Prove that ##(A,B)## is a Dedekind cut.

- Relevant Equations
- There are some properties which a cut must have.

*A Dedekind cut is a pair ##(A,B)##, where ##A## and ##B## are both subsets of rationals. This pair has to satisfy the following properties*

*A is nonempty**B is nonempty**If ##a\in A## and ##c \lt a## then ##c \in A##**If ##b \in B## and ## c\gt b## then ##c \in B##**If ##b \not\in B## and ## a\lt b##, then ##a \in A##**If ##a \not\in A## and ##b \gt a##, then ##b \in B##**For each ##a \in A## there is some ## b \gt a ## so that ##b \in A##**For each ##b \in B## there is some ## a \lt b## so that ##a \in B##*

For the given cut, I tried to prove Property 5. Here is my attempt:

If ## b \not \in B## then we have:

**Case 1:**## b \leq 0##

Sub-Case (I): ##b=0##. If ##a \lt b \implies a \lt 0##, well then ##a \in A##.

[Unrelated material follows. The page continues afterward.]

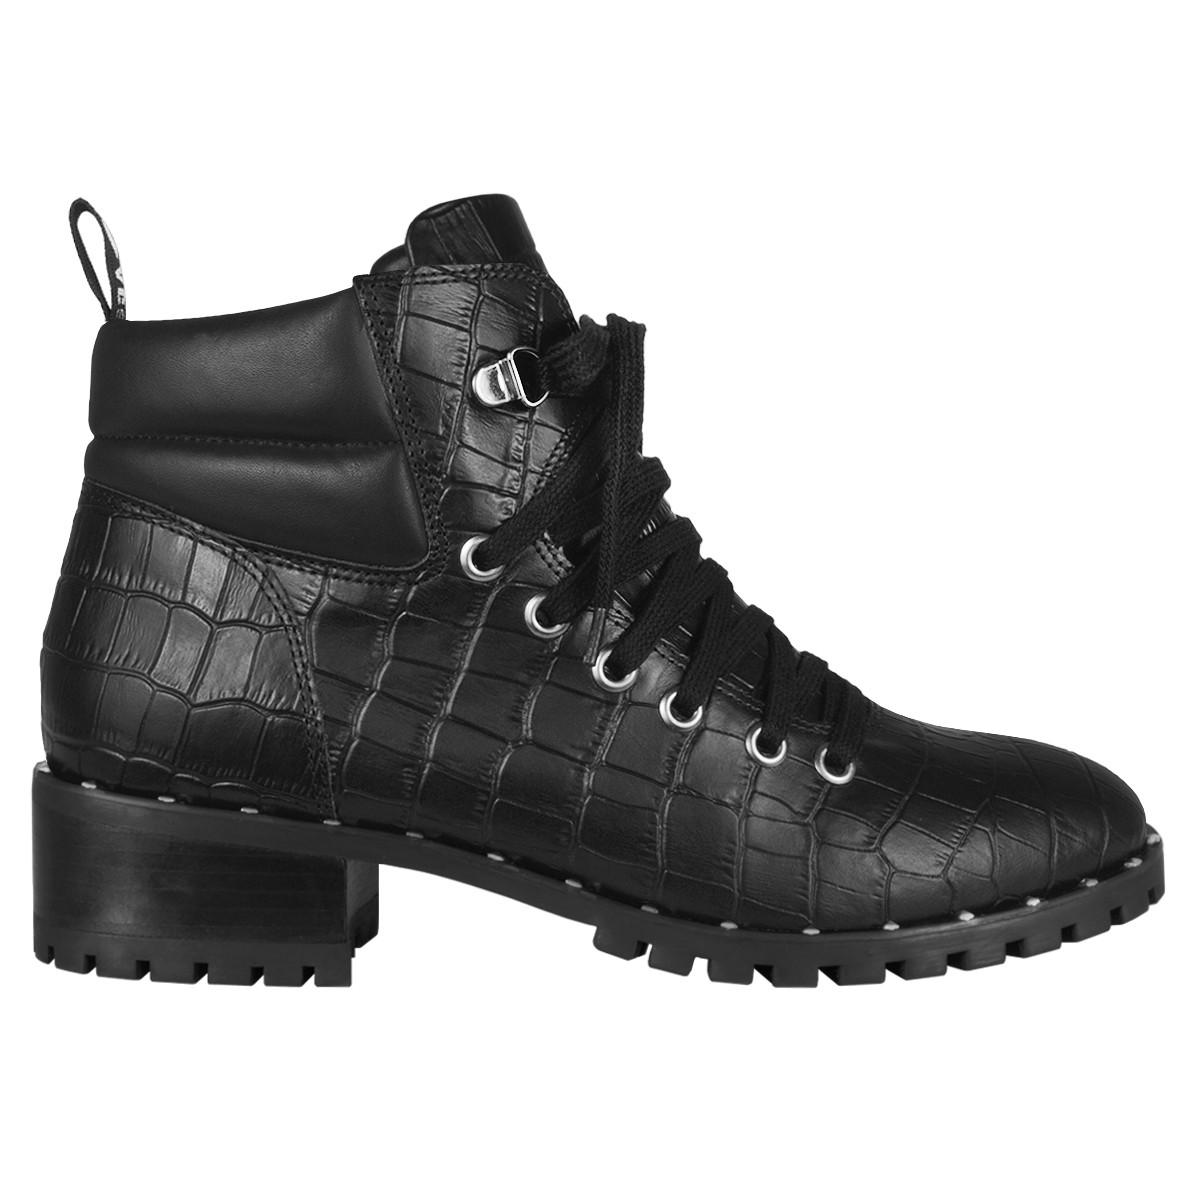 5b2a057c5 Coturno Aspen Croco Black

Sub-Case (II): ##b \lt 0##. If ## a \lt b \implies b \lt 0##, again ## a \in A##

**Case 2:**## b^2 \leq 2##

Sub-Case (I): ##b^2 = 2##. If ## a \lt b implies a^2 \lt b^2 = 2##, well then ## a \in A##

Sub-Case (II): ## b^2 \lt 2##. If ## a \lt b \implies a^2 \lt b^2 \lt 2##, again ## a \in A##

That proves Property 5.

Am I right? I had a hard time in understanding why would ##b \not\in B## and ##b \not\in A## when all ## a## and ##b## in th properties listed above has to be rational numbers.